INSTRUCTIONS FOR THE TASK ▸ Only the pictures are to be left out; write out the rest of the data exactly.

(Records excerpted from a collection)

————

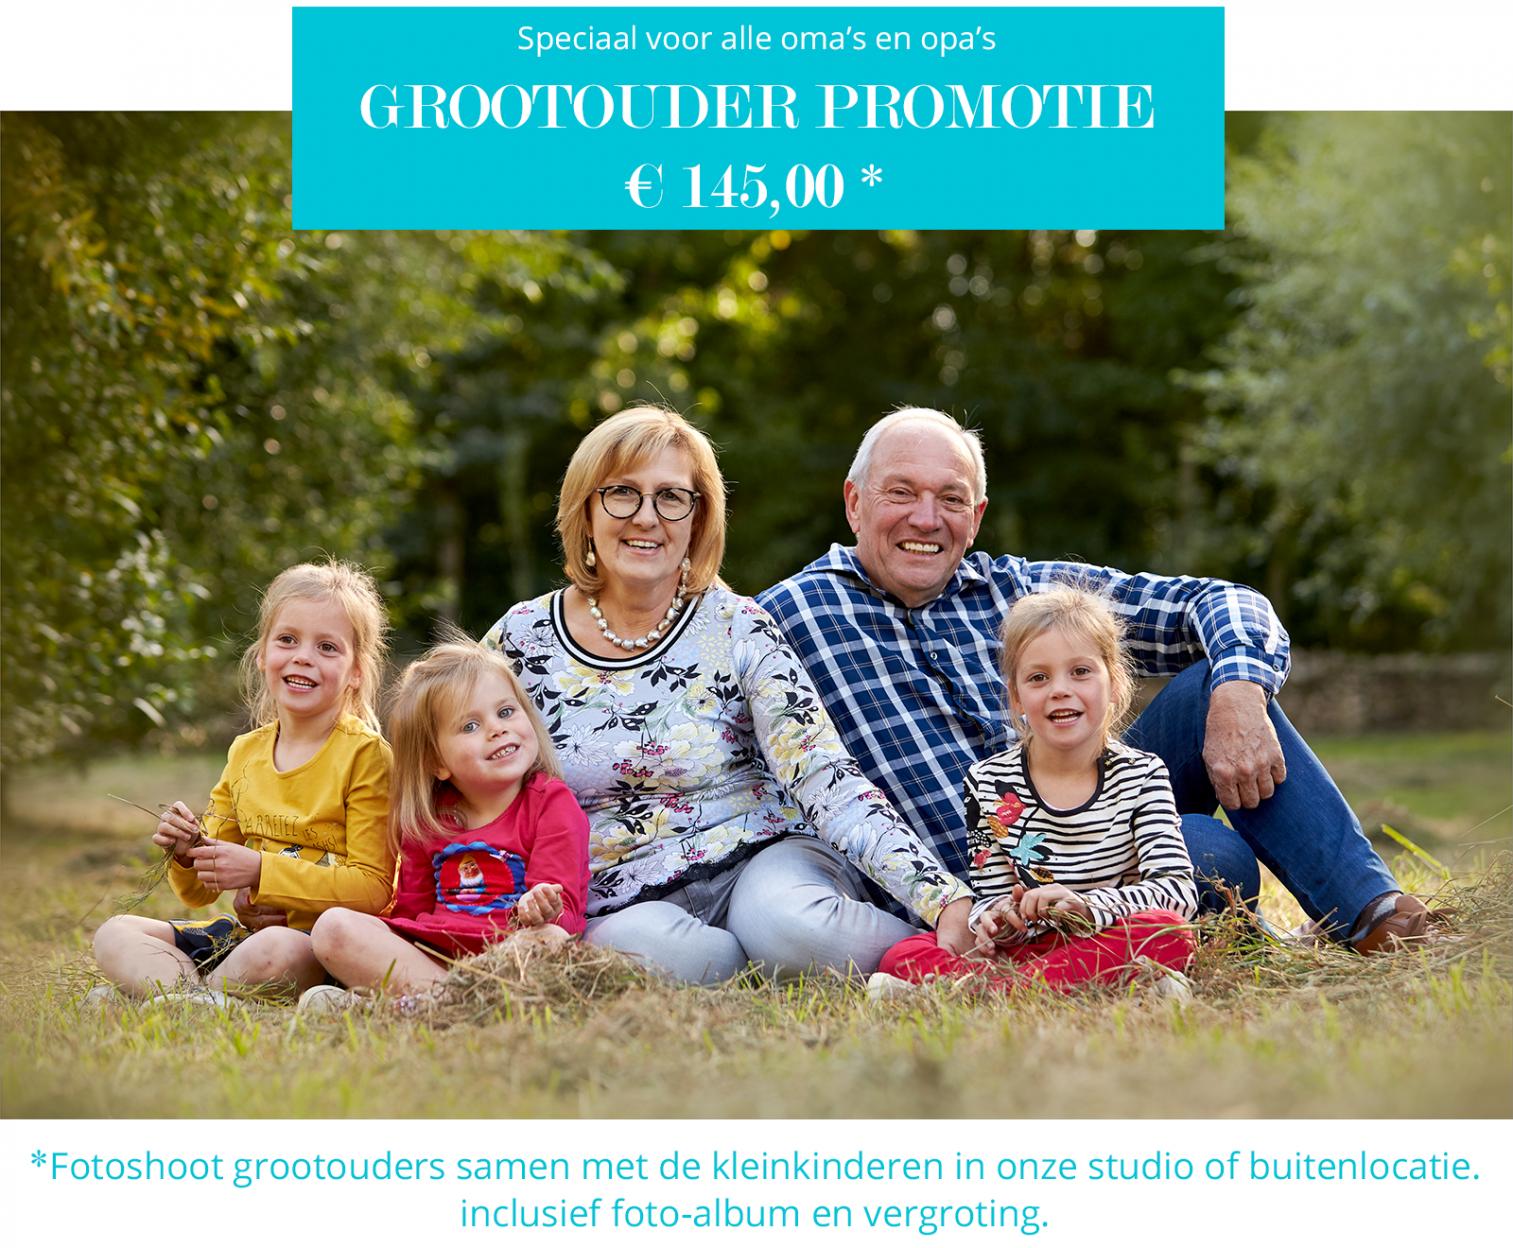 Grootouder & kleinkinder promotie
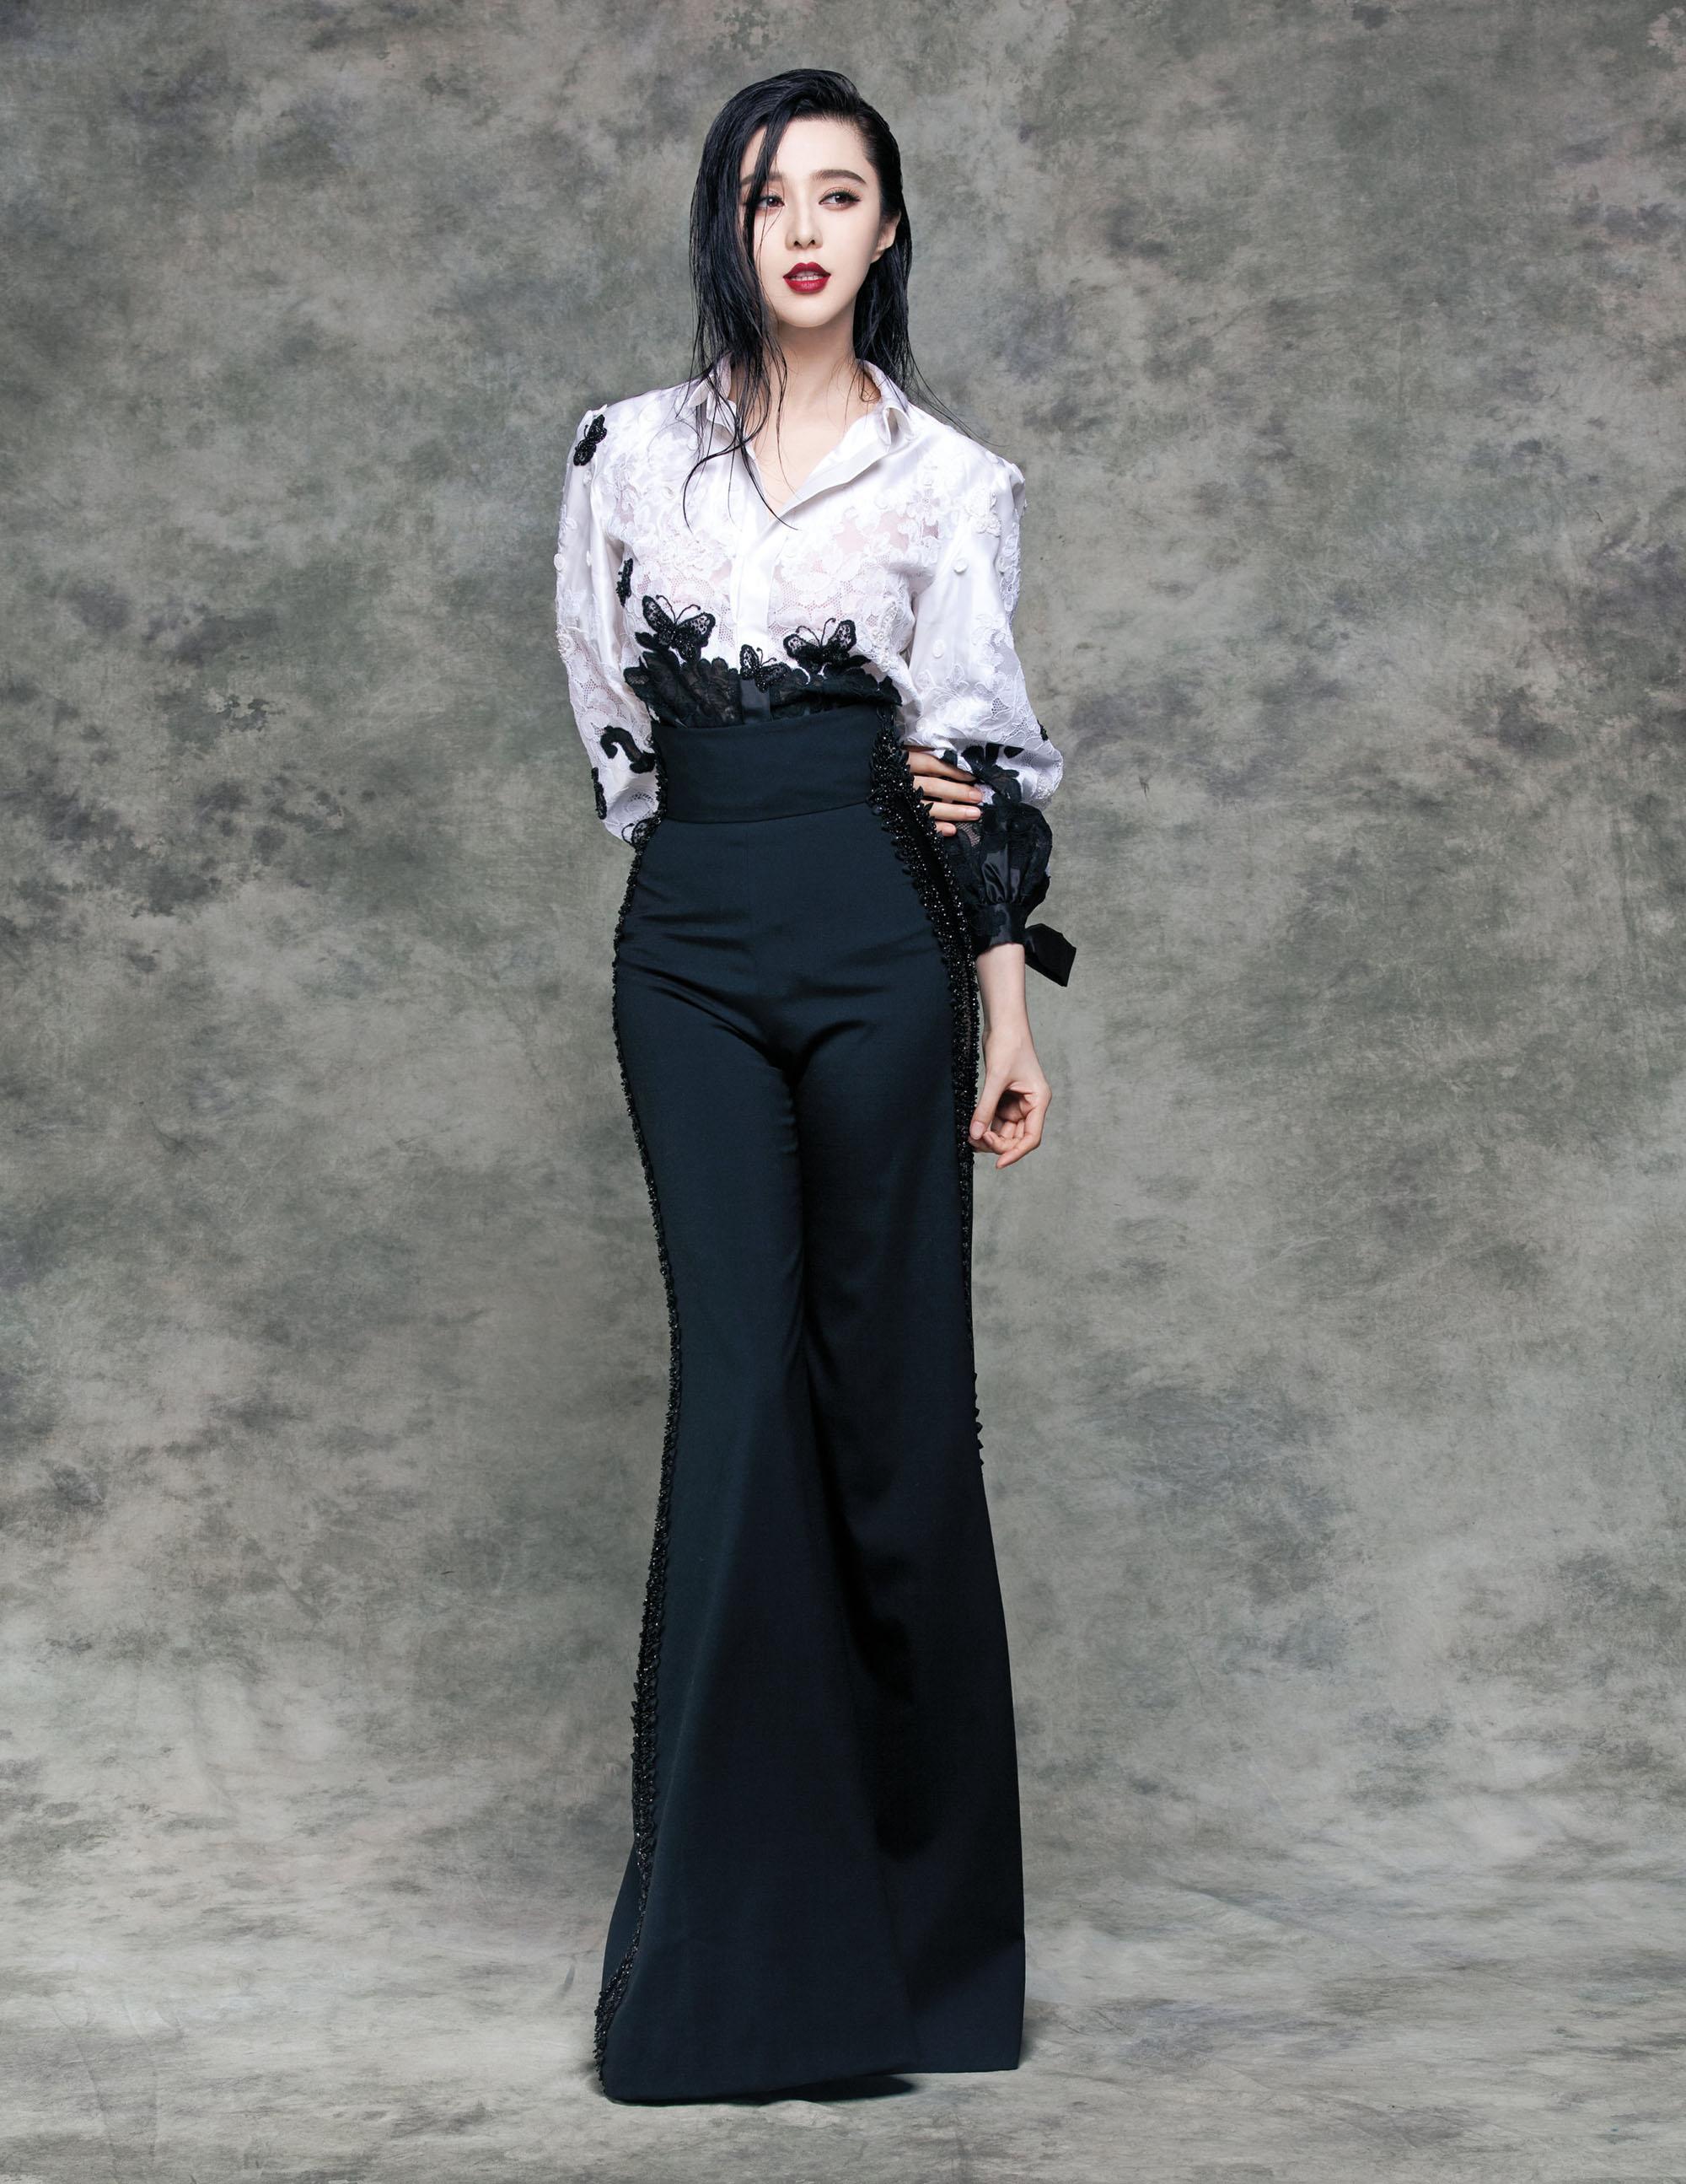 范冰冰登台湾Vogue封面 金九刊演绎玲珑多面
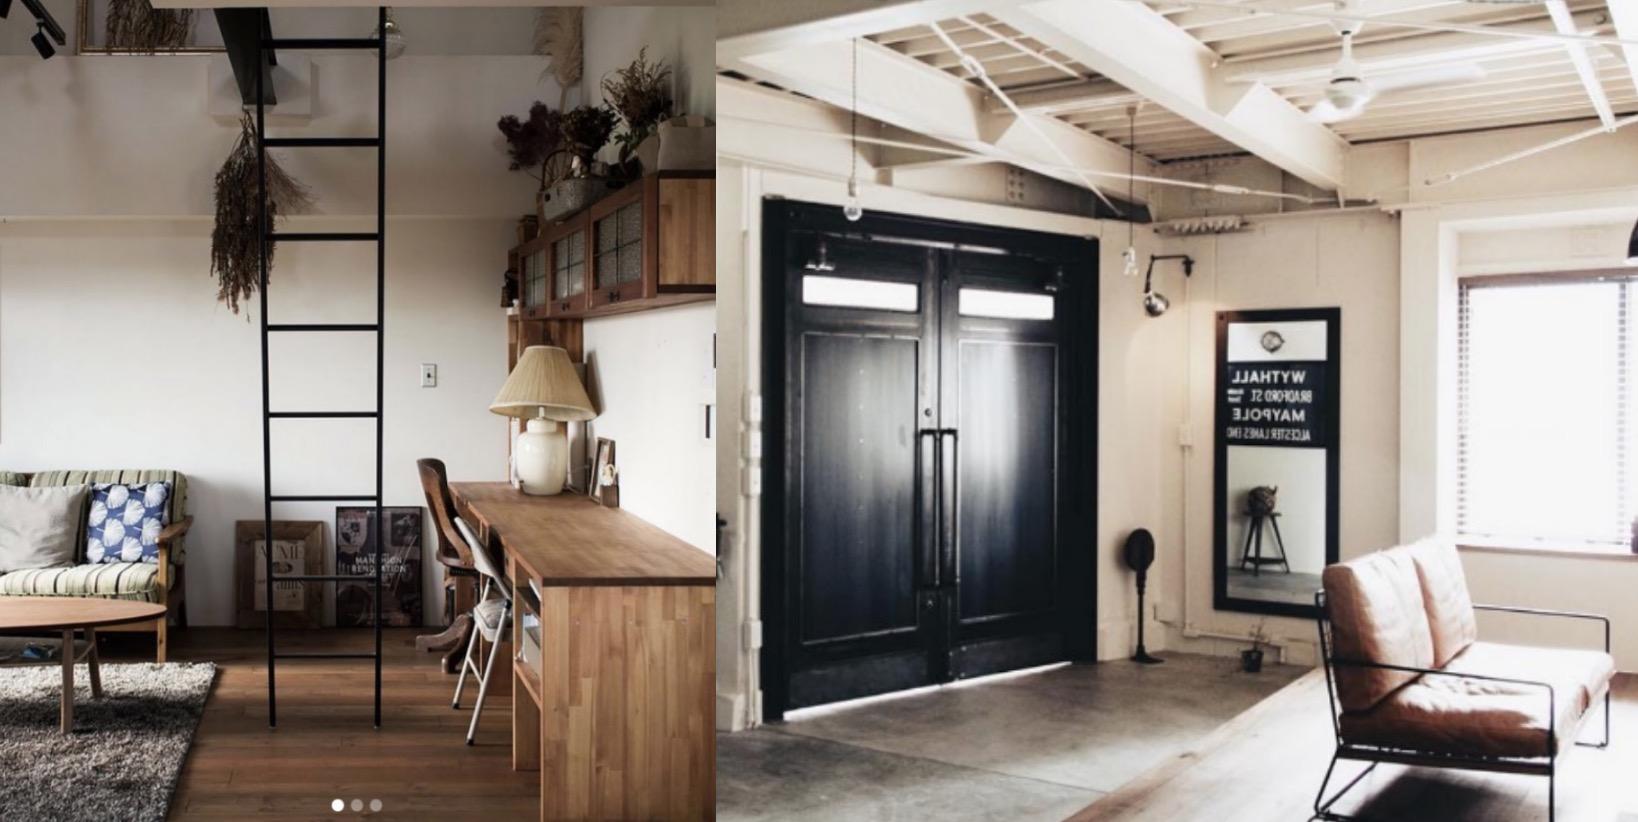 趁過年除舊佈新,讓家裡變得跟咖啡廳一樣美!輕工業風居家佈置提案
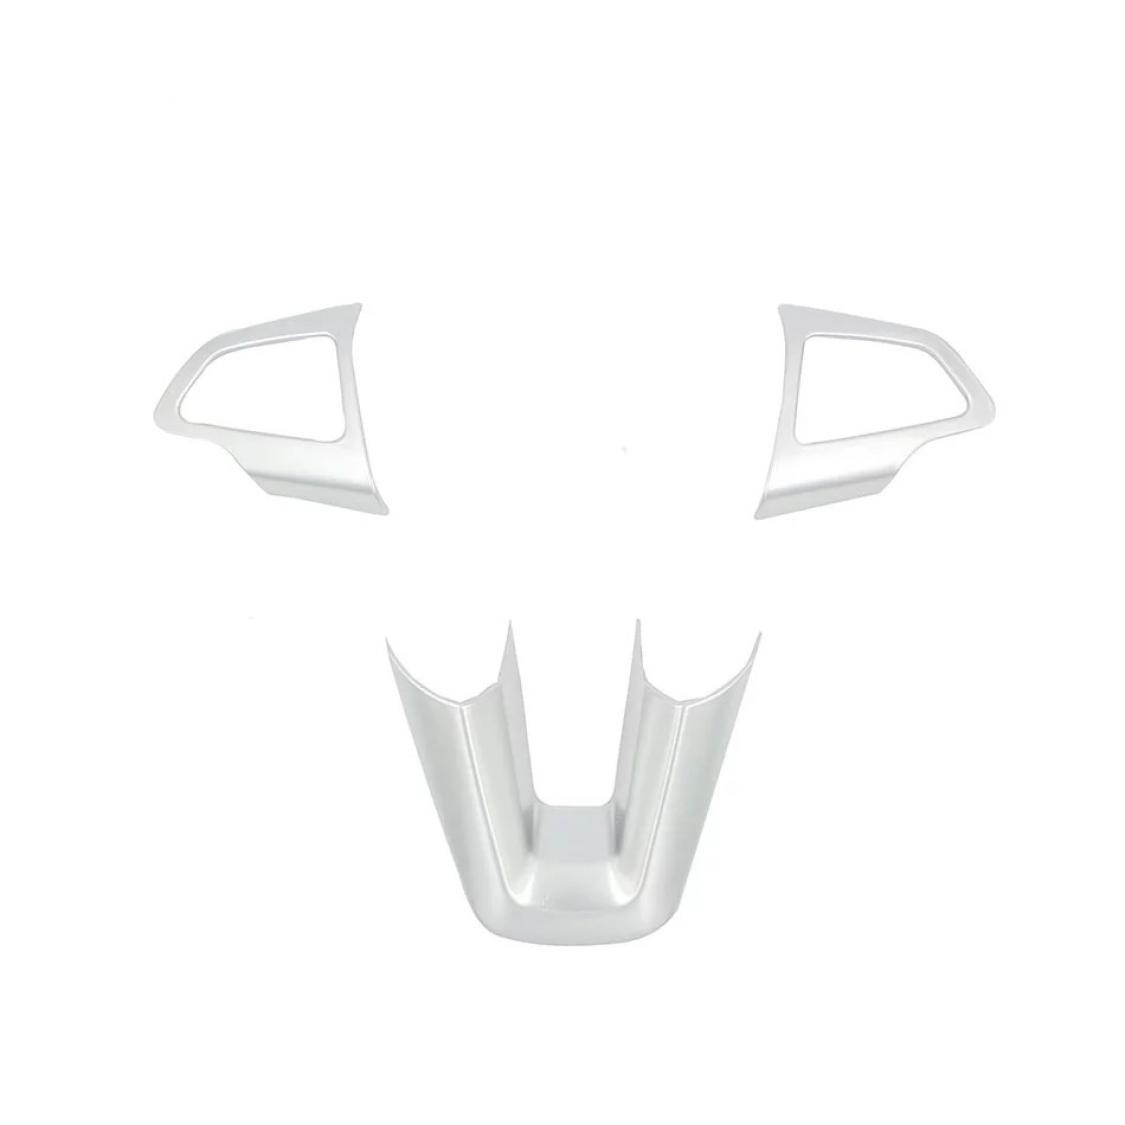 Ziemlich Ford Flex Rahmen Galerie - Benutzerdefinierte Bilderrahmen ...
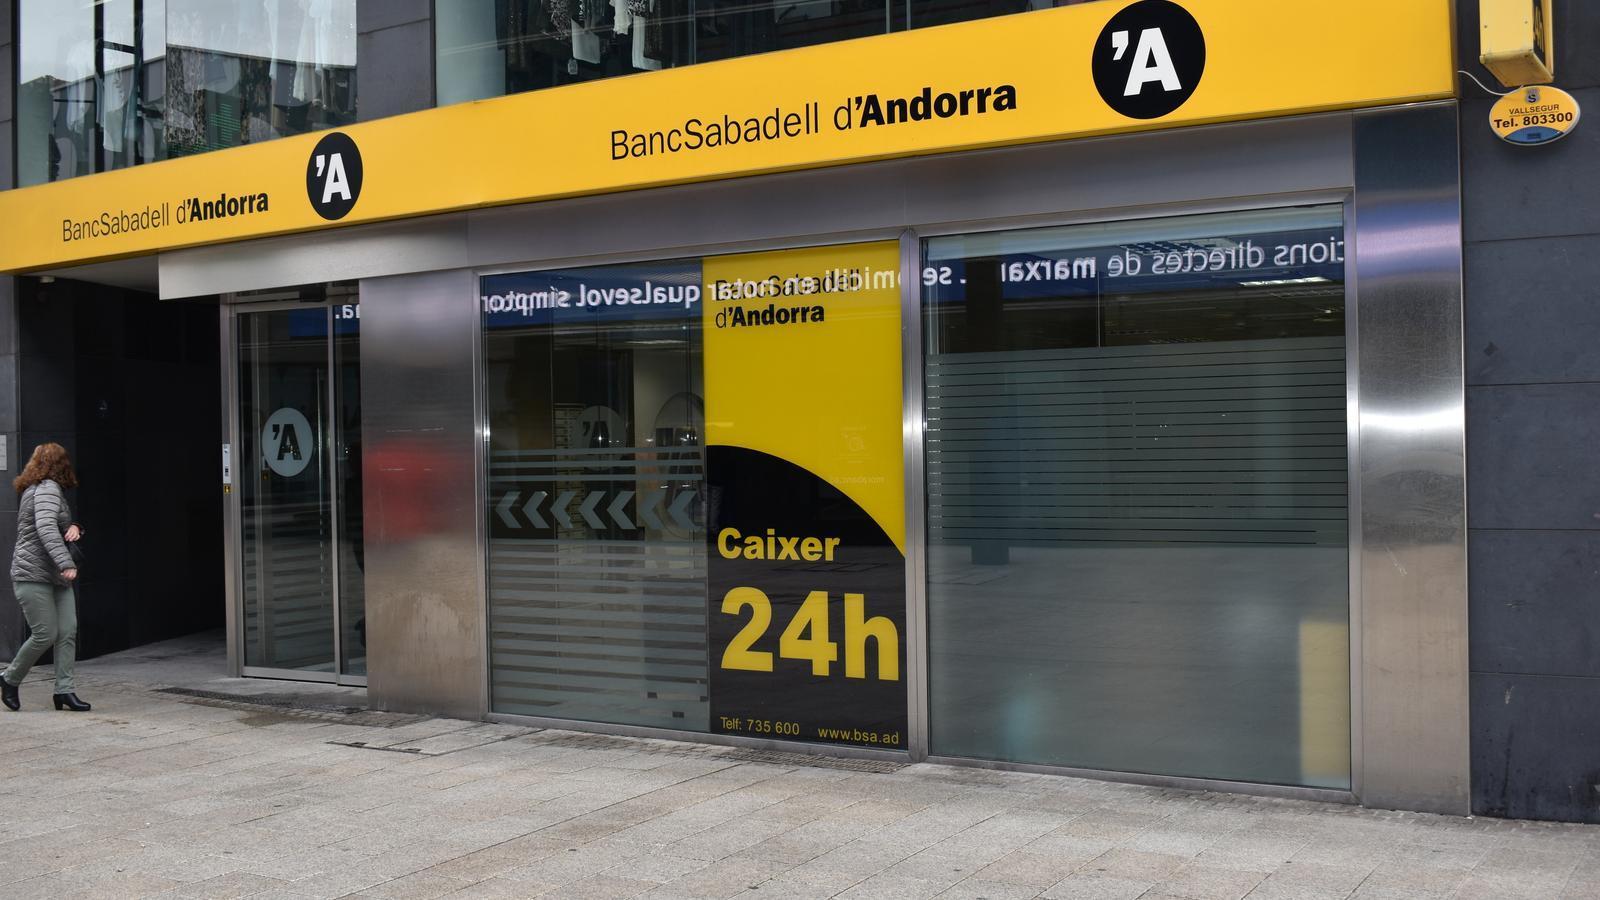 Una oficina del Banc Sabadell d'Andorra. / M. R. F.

————

ANSWER BOX ▸
 Grootouder & kleinkinder promotie
 范冰冰登台湾Vogue封面 金九刊演绎玲珑多面
 趁過年除舊佈新,讓家裡變得跟咖啡廳一樣美!輕工業風居家佈置提案
 Ziemlich Ford Flex Rahmen Galerie - Benutzerdefinierte Bilderrahmen ...
 Una oficina del Banc Sabadell d'Andorra. / M. R. F.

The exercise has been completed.